Я запускаю следующий успешный Тестовый конвейер Apache Beam в Google Dataflow.Он использует Datastore в качестве источника и приемника.Многие объекты в нашей базе данных назначены пространствам имен.Этот конвейер предназначен для выполнения _do_work()
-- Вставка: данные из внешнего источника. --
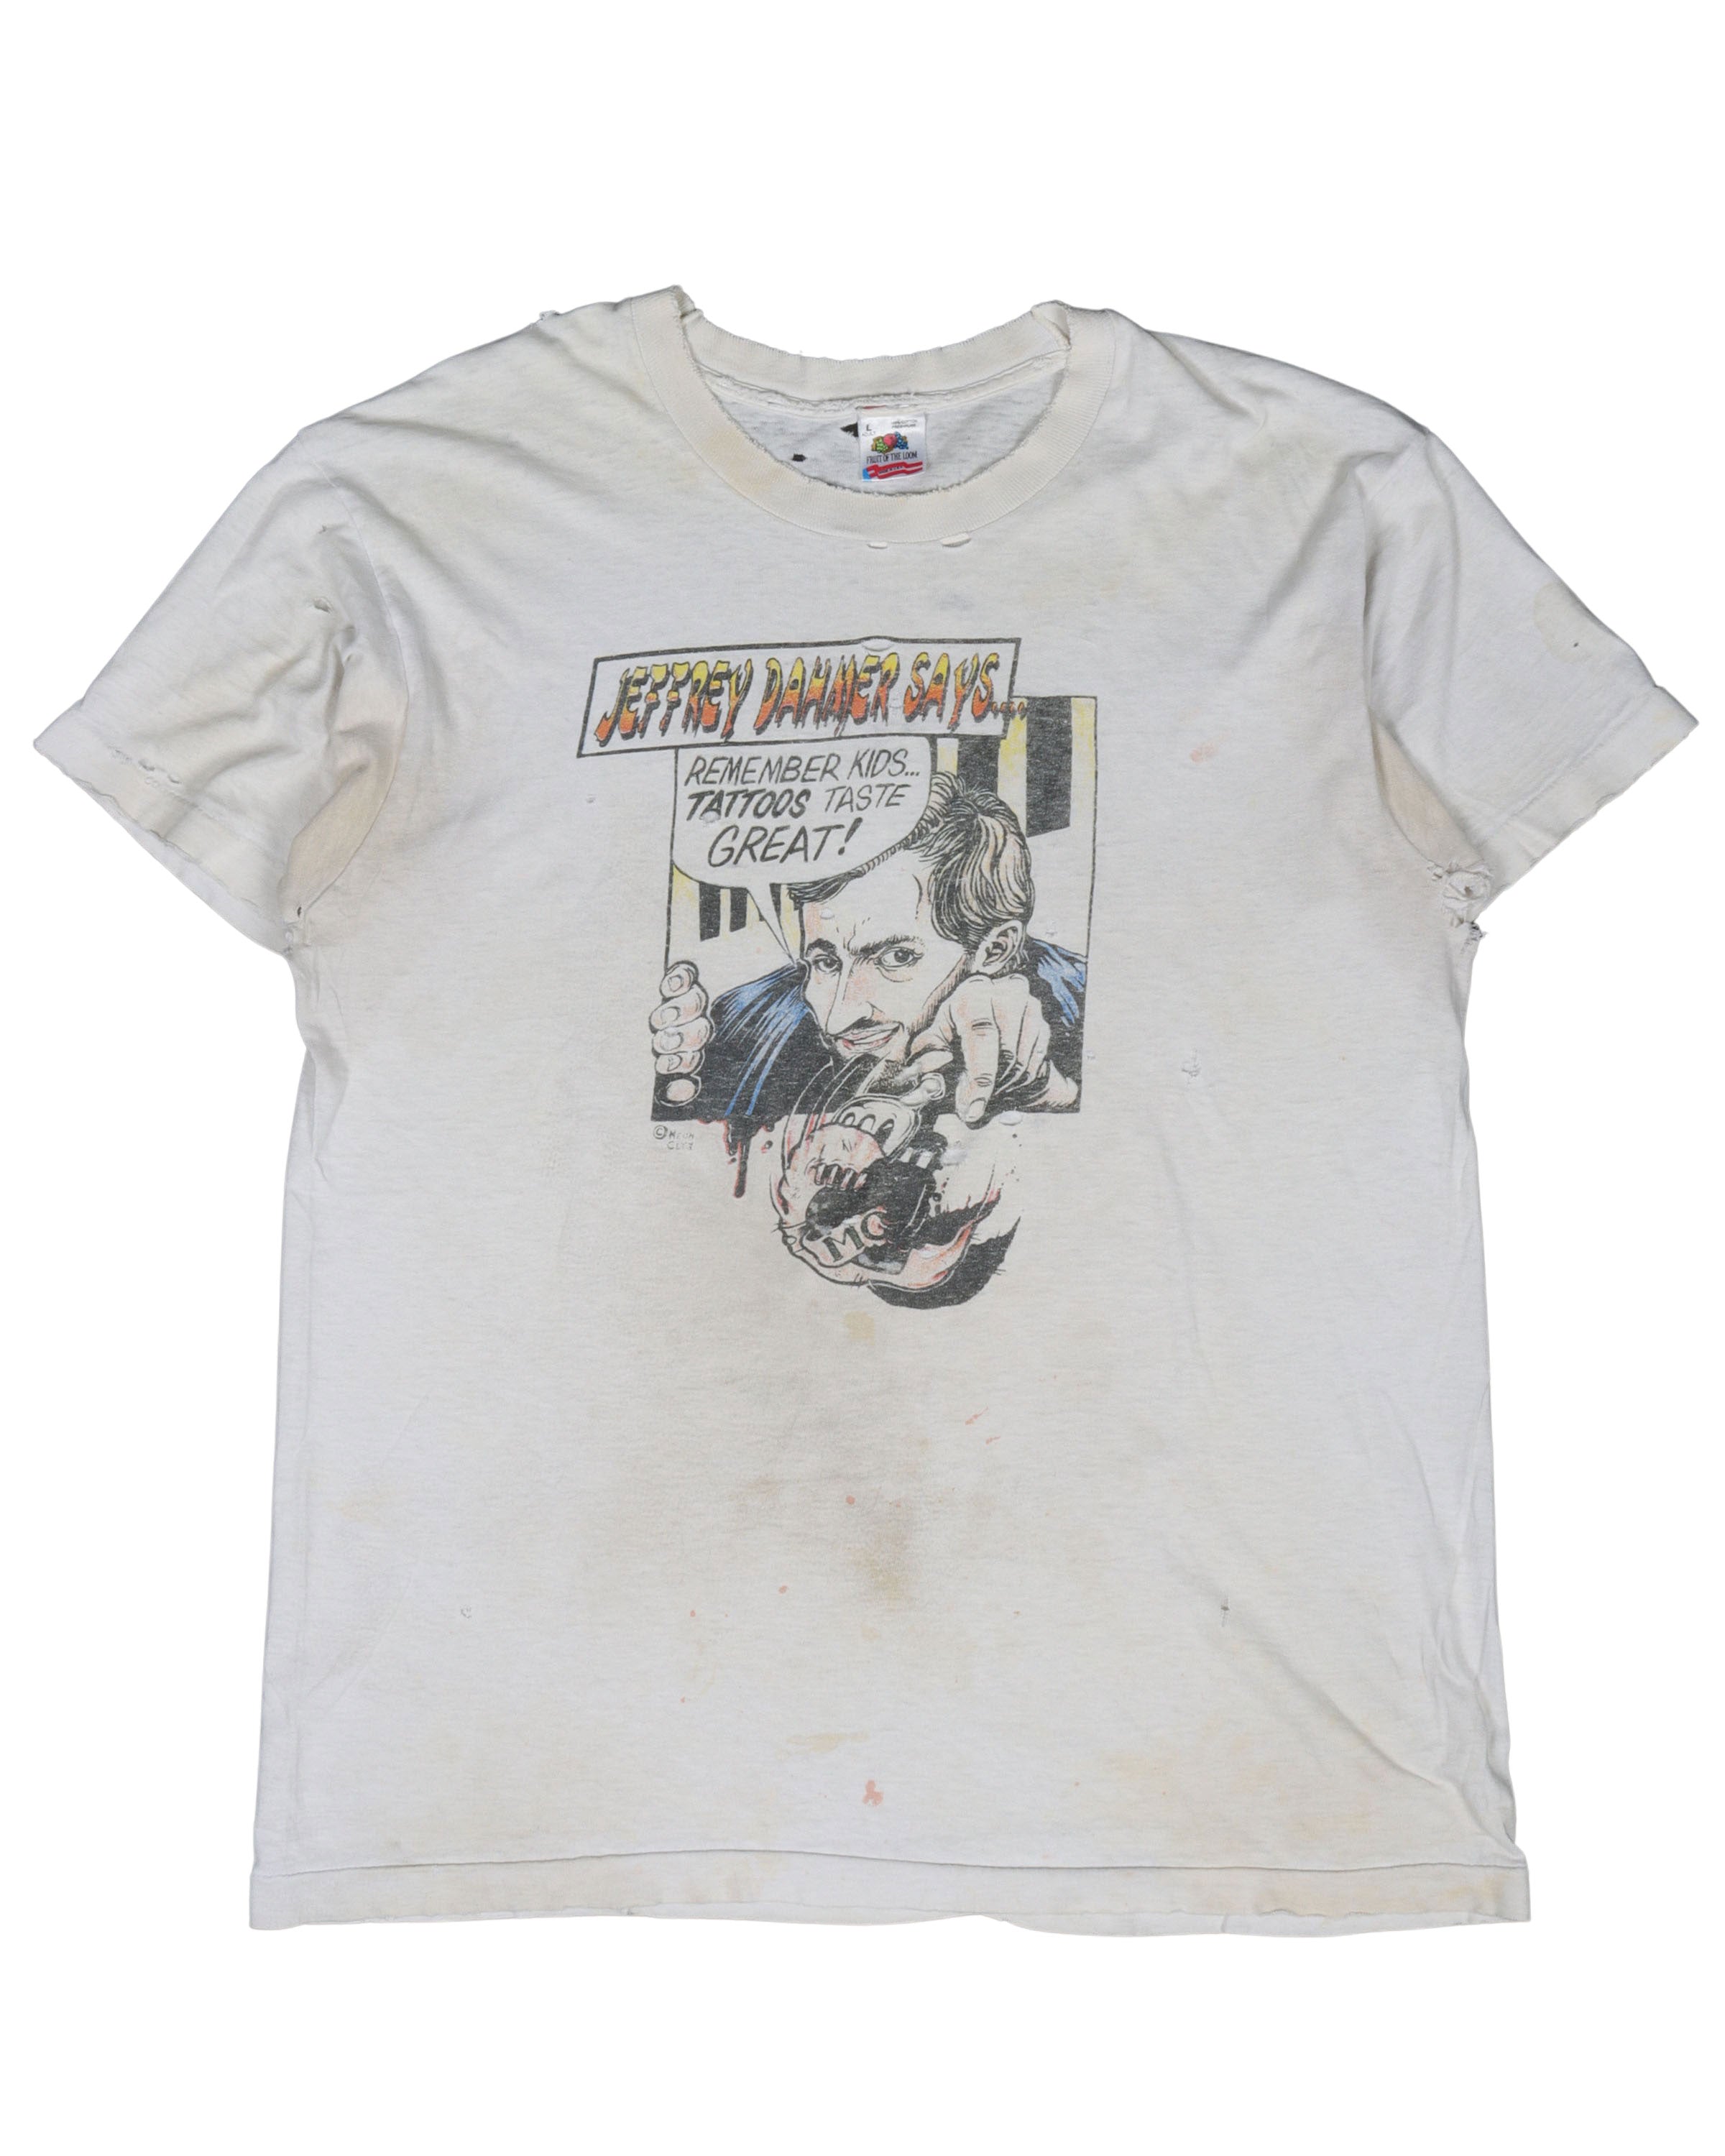 Jeffrey Dahmer "Tattoos Taste Good" T-Shirt

на всех объектах определенного вида в заданных пространствах имен.Обратите внимание, что аналогичный тестовый конвейер, который делает то же самое с сущностями без пространства имен, также успешно выполняется:
import apache_beam as beam
from apache_beam.io.gcp.datastore.v1 import helper as apache_helper
from apache_beam.io.gcp.datastore.v1 import datastoreio
from google.cloud.proto.datastore.v1 import query_pb2
from googledatastore import helper
from .pipelines.dataflow_settings import (
PROJECT, NAMESPACES_PER_PIPELINE
)
class NamespacedDatastoreMigration(_DatastoreMigrationBase):
"""
Map a do-function over a query multiplexed across several namespaces.
The inheritor must implement the following:
- a PROJECT class attribute
- a do-function (_do_work())
- a method to get the namespaces across which to shard the query (
get_namespaces())
"""
_NAMESPACES_PER_PIPELINE = NAMESPACES_PER_PIPELINE # 25
def __init__(self, argv, migration_history_obj, model):
super(NamespacedDatastoreMigration, self).__init__(argv, migration_history_obj, model)
self._namespaces = self.get_namespaces()
self._pipelines = self._create_pipelines(argv)
def get_namespaces(self):
query_pb = query_pb2.Query()
helper.set_kind(query_pb, "__namespace__")
client = apache_helper.get_datastore(PROJECT)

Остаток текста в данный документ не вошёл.